We extracted 2185 inversions from gnomAD, 3468 inversions from DGV, 920 inversions from 1KGP, 414 inversions from the data released by Ebert et al., and 339 inversions from the call set published by Porubsky et al. The summary statistics of inversion length in each dataset are provided in Table 1. gnomAD shows a more even distribution regarding size and displays the largest events (Supplementary Fig. 6), including a 118.67 Mb pericentric inversion (INV_CHR5_77480914). Most of DGV inversions (75%) are between 0.035 kb and 24.22 kb. 1KGP inversions tend to be smaller as the median length of 0.831 kb, whereas Ebert et al. and Porubsky et al. show the highest median length of 293.19 kb and 251.71 kb, respectively.
Estimating redundancy among the inversions available from different datasets
We investigated the number of common and dataset-specific inversions across different datasets using very stringent criteria based on the start and end locations of the inversions (Supplementary Fig. 7). Redundancies in the datasets are expected due to the overlap of samples reported in distinct publications (e.g., Ebert et al. and Porubsky et al.) or inclusion of datasets into publicly shared ones (e.g., gnomAD v.2 is included in DGV).
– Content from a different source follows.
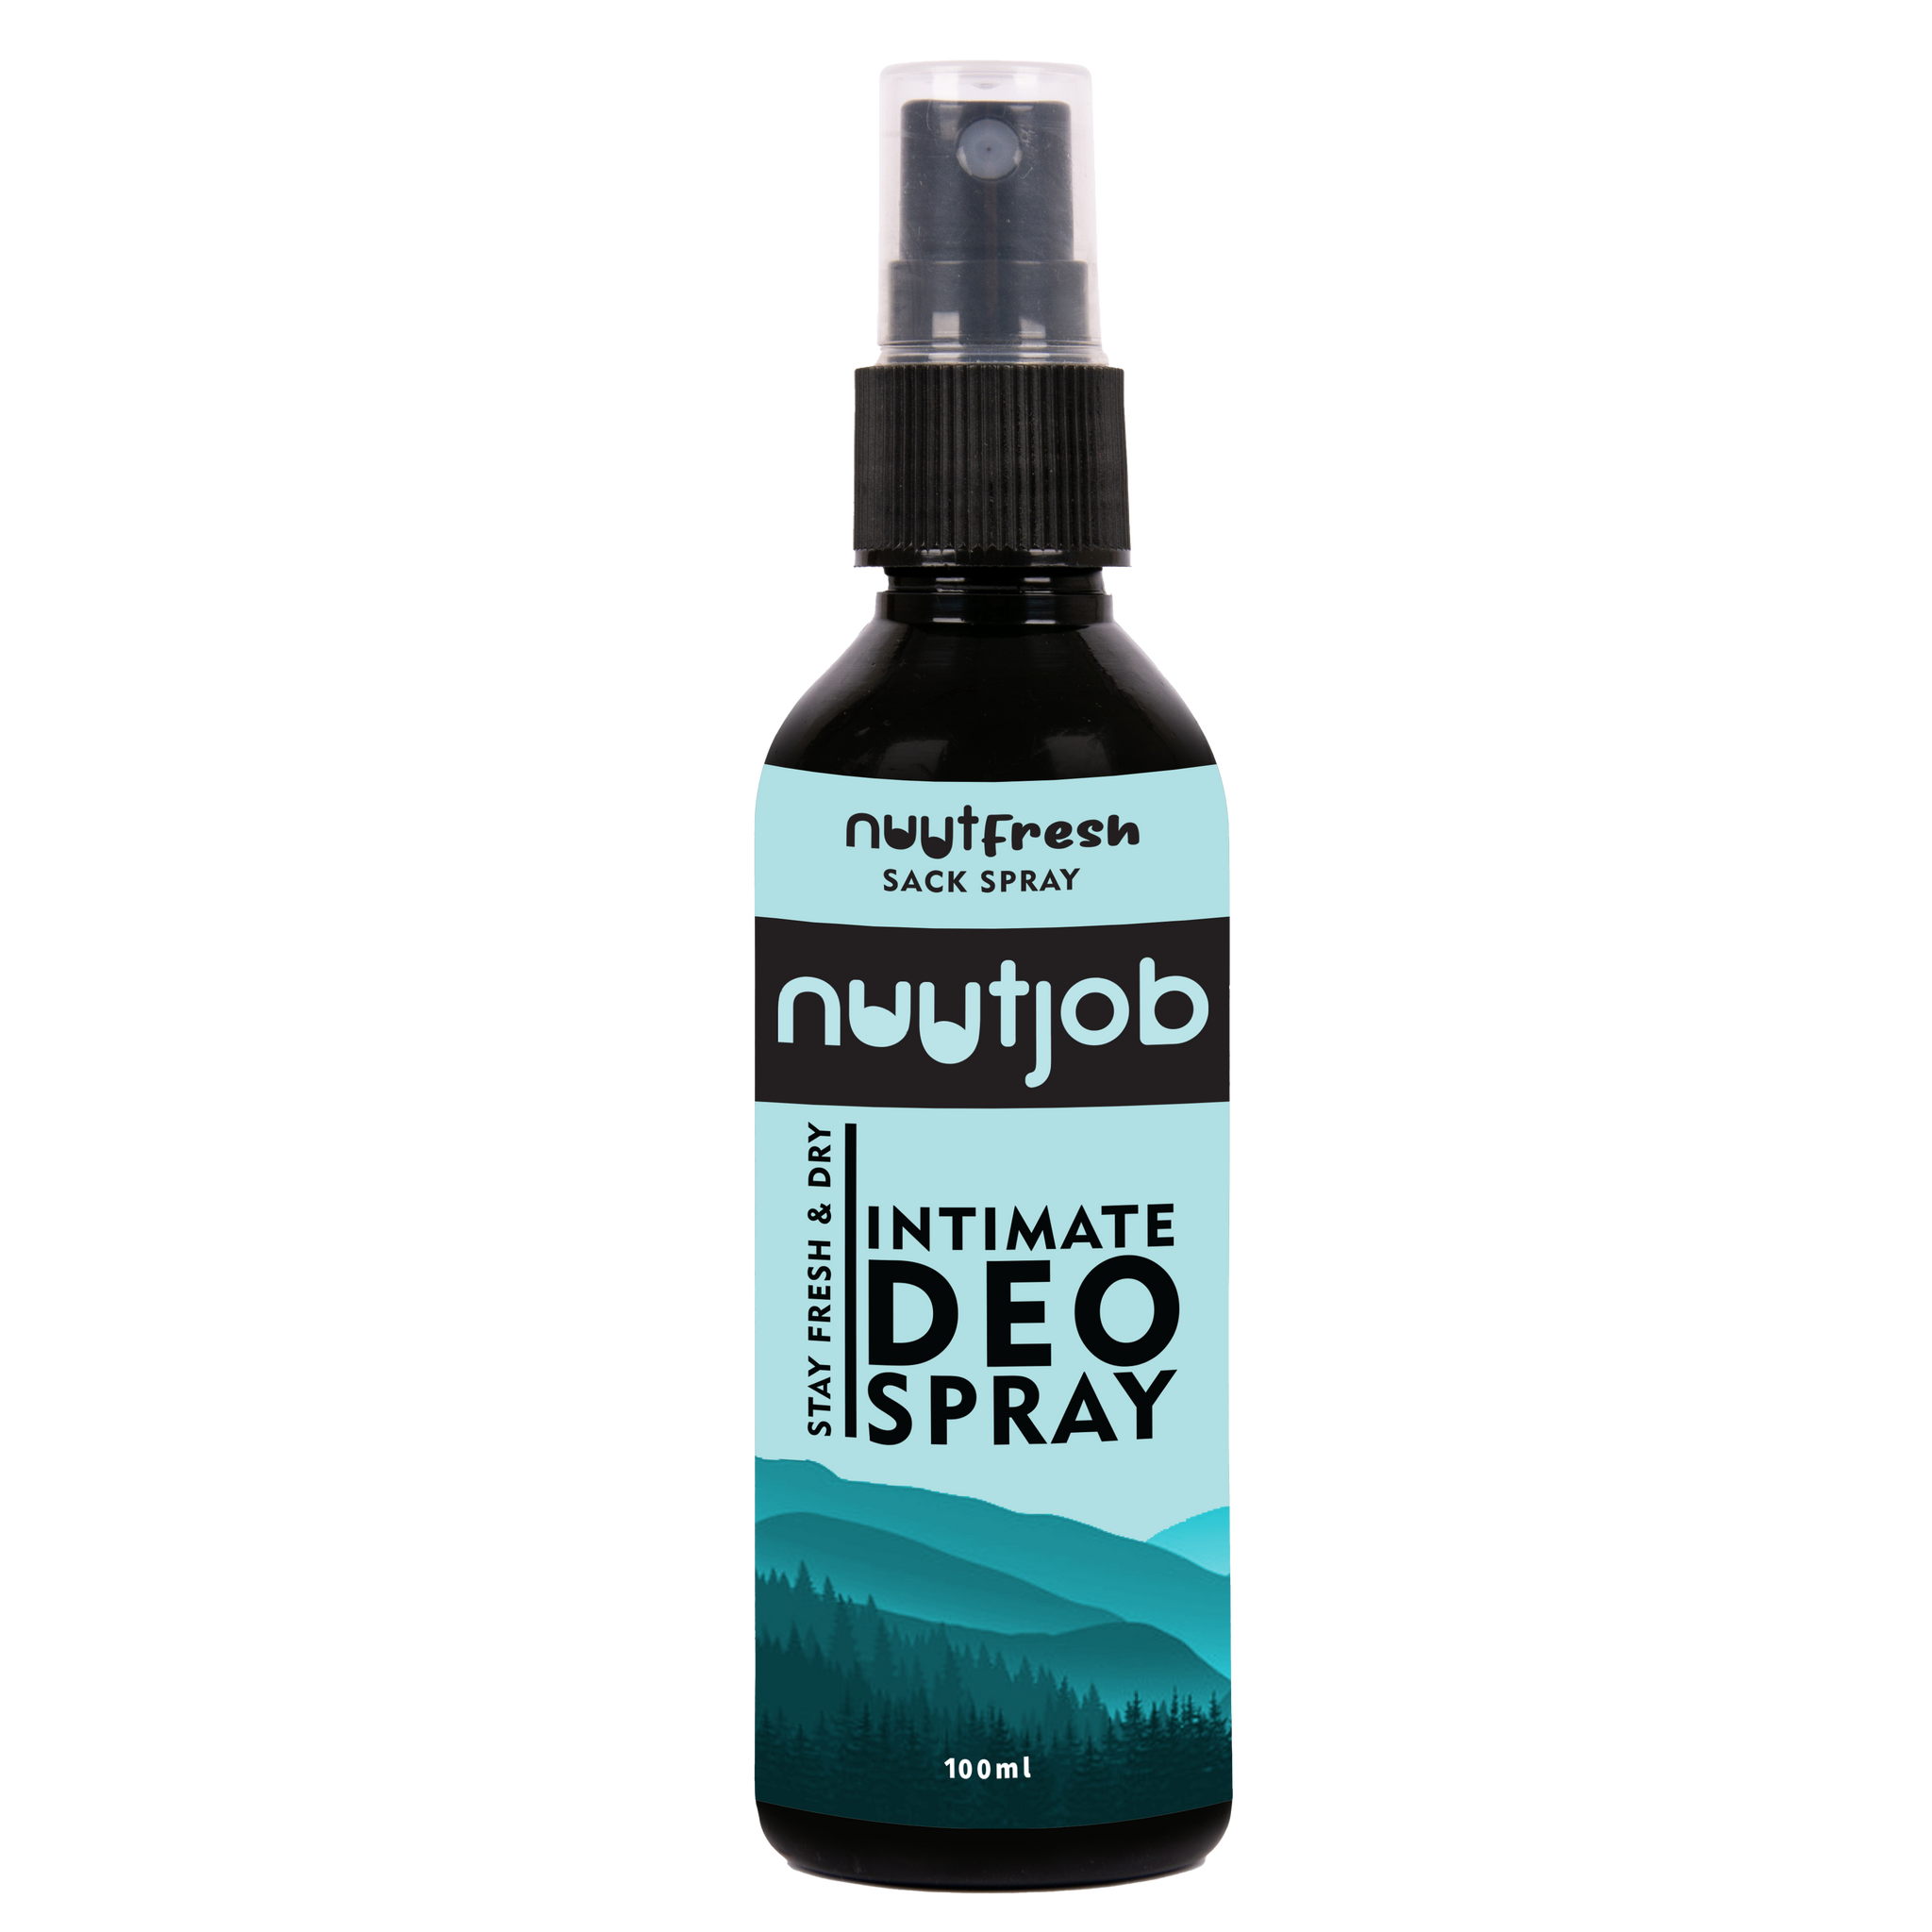 Nuutfresh Intimate Sack Spray Deodorant 100ml

We observed very little redundancy for inversions among the individual datasets (Supplementary Fig. 7) because the different applied sequencing technologies provided distinct resolutions concerning breakpoint junctions. We then decreased the stringency to intersect inversions in each dataset with at least 50% of their sequence (Supplementary Fig. 8). The inversions in gnomAD and DGV share (49.4% and 77.2%) more inversions with each other compared to other datasets. 78.3% of 1KGP inversions overlap with at least one inversion in gnomAD. Around 70% of inversions in Ebert et al. and Porubsky et al. overlap with each other.
Inversions disrupting genes
We overlapped the inversions in the datasets with the protein-coding genes. Then, we classified the overlaps between inversions and protein-coding genes into three categories, as defined previously defined in this manuscript (Fig. 1). The majority of the overlaps from all datasets, except 1KGP, map with the category of gene-spanning (76.8% in DGV to 97.1% in gnomAD). 65.9% of inversion-gene intersections belong to the category of intragenic in 1KGP (Fig. 3).
We grouped the intersections between inversions and OMIM phenotype-related genes into three categories. The first category comprises genes covered by inversions (gene-spanning), the second category includes intersections where one of the inversion breakpoints is located within a gene region (gene-disrupting), and the third category involves inversions occurring within a gene region (intragenic).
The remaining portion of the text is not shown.